Extract the lines beginning at the one that holds "Bunco Queen Pint" and ending at the final line of the material below, keeping them exact and leaving out all pictures.

Source material:
= = = =
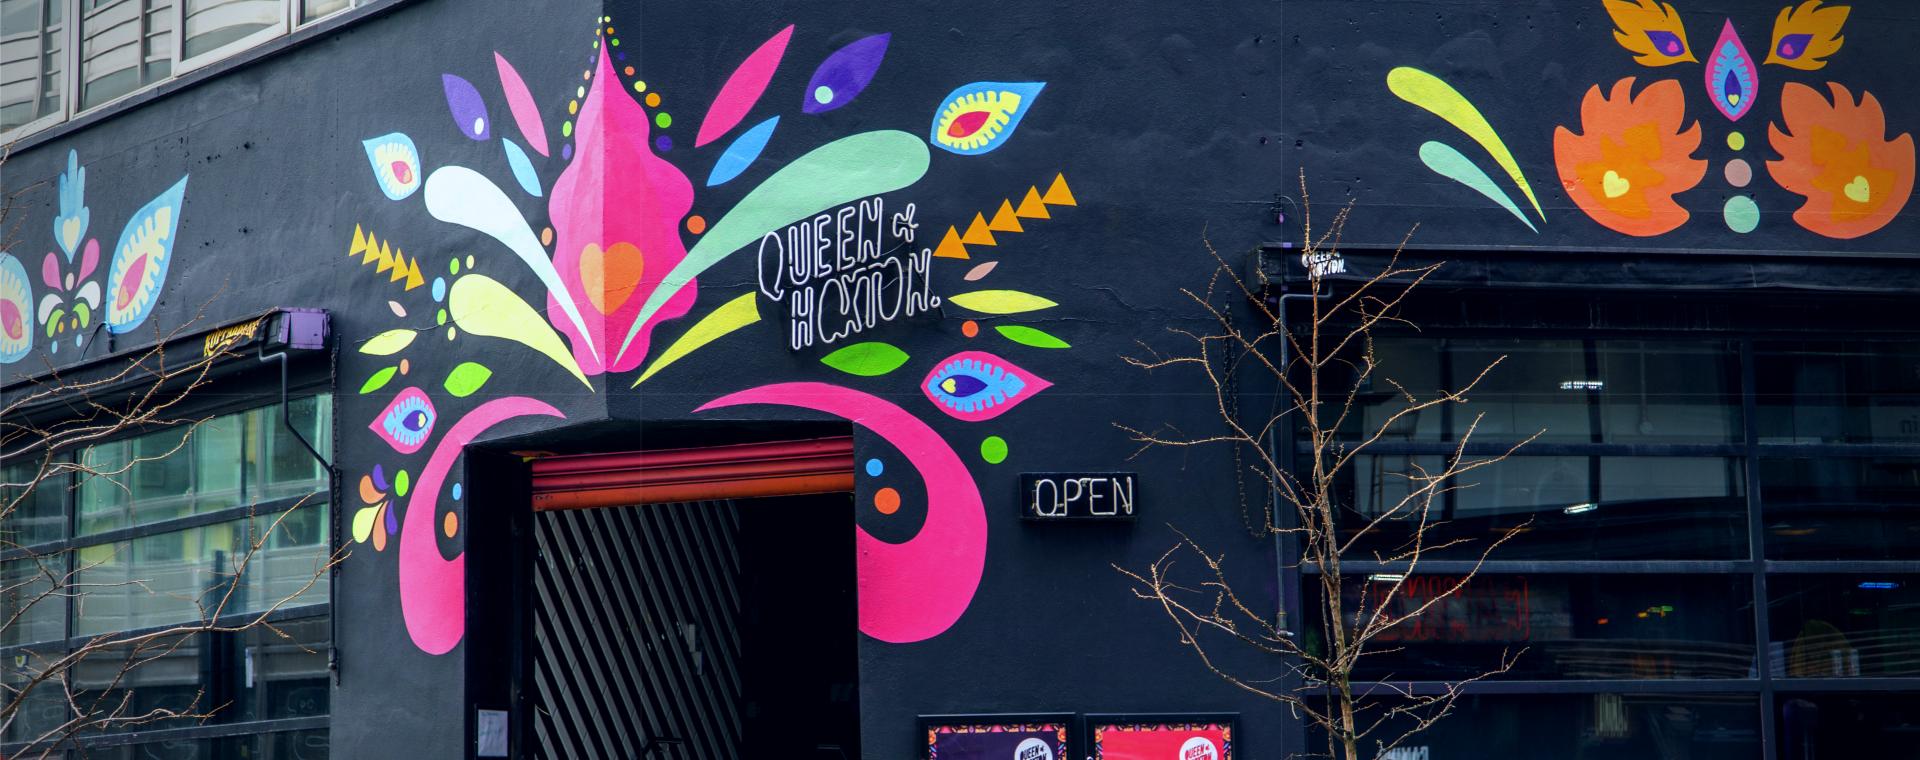 Brightly coloured frontage of The Queen of Hoxton, a roof-top bar in Shoreditch
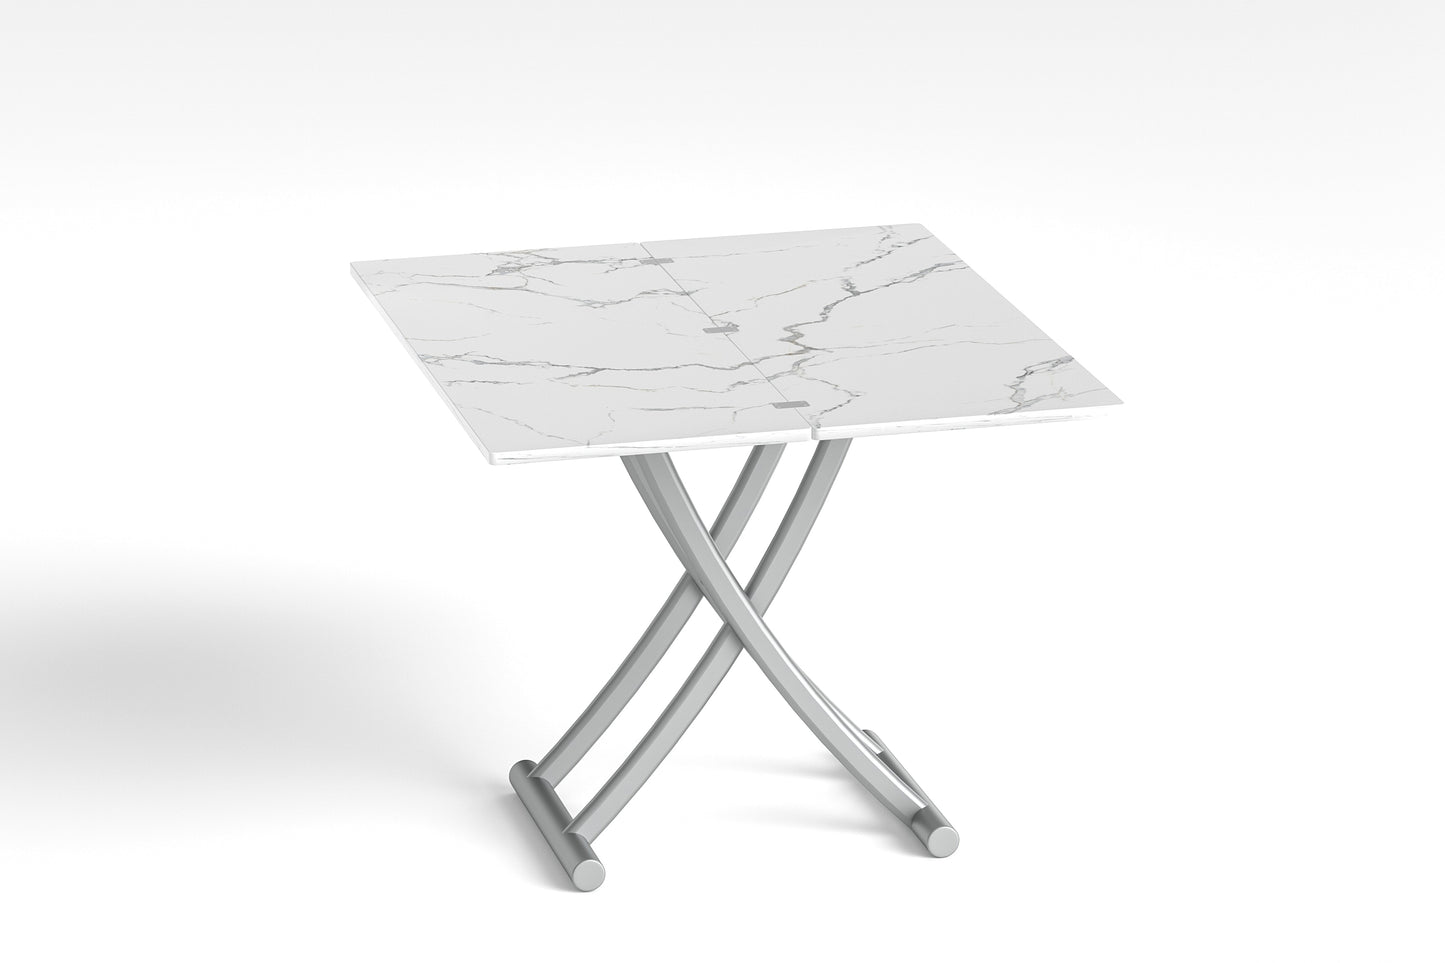 White Transforming table, Expandable Coffee Table, Space-Saving Table, dinning table mode (left side view)
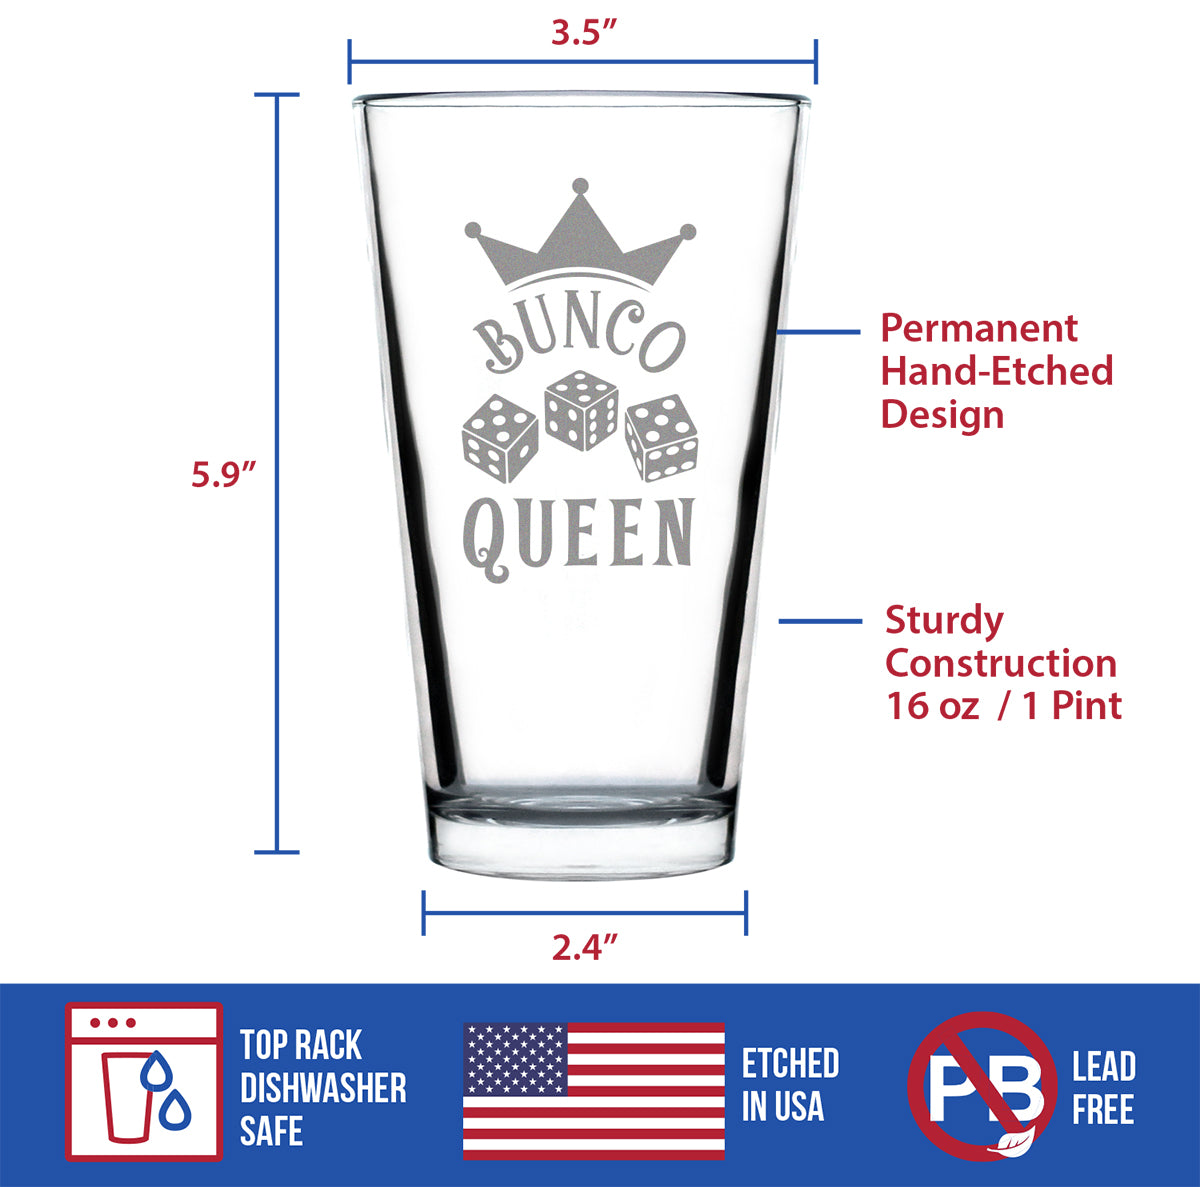 Bunco Queen Pint Glass for Beer - Bunco Decor and Bunco Gifts for Women - 16 Oz Glasses
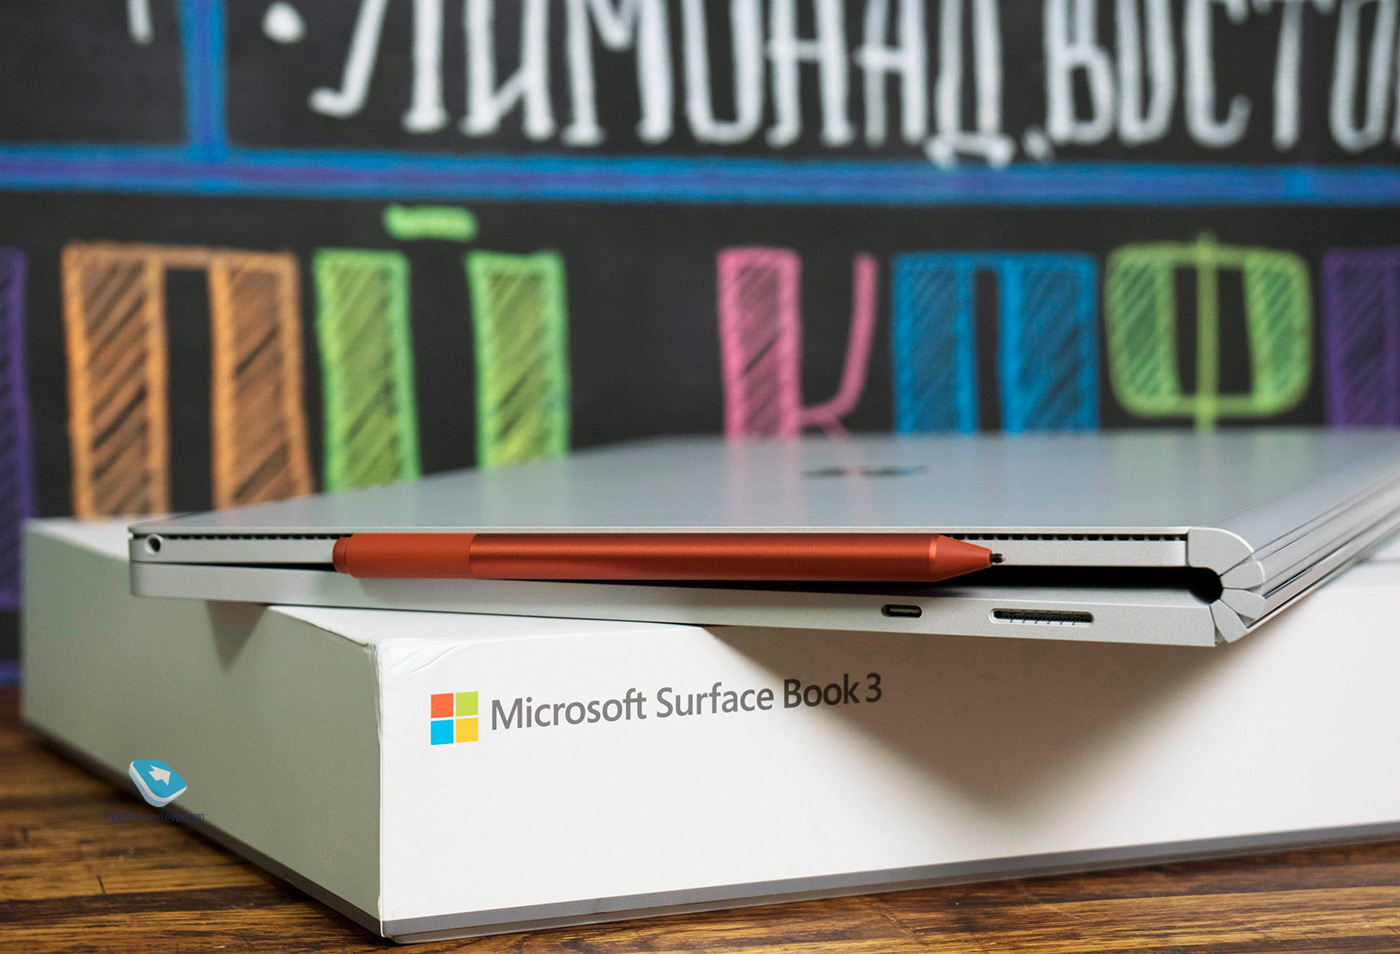 Microsoft's flagship review - Surface Book 3 two-in-one laptop
= = = =
Result for this task:
 Bunco Queen Pint Glass for Beer - Bunco Decor and Bunco Gifts for Women - 16 Oz Glasses
 Microsoft's flagship review - Surface Book 3 two-in-one laptop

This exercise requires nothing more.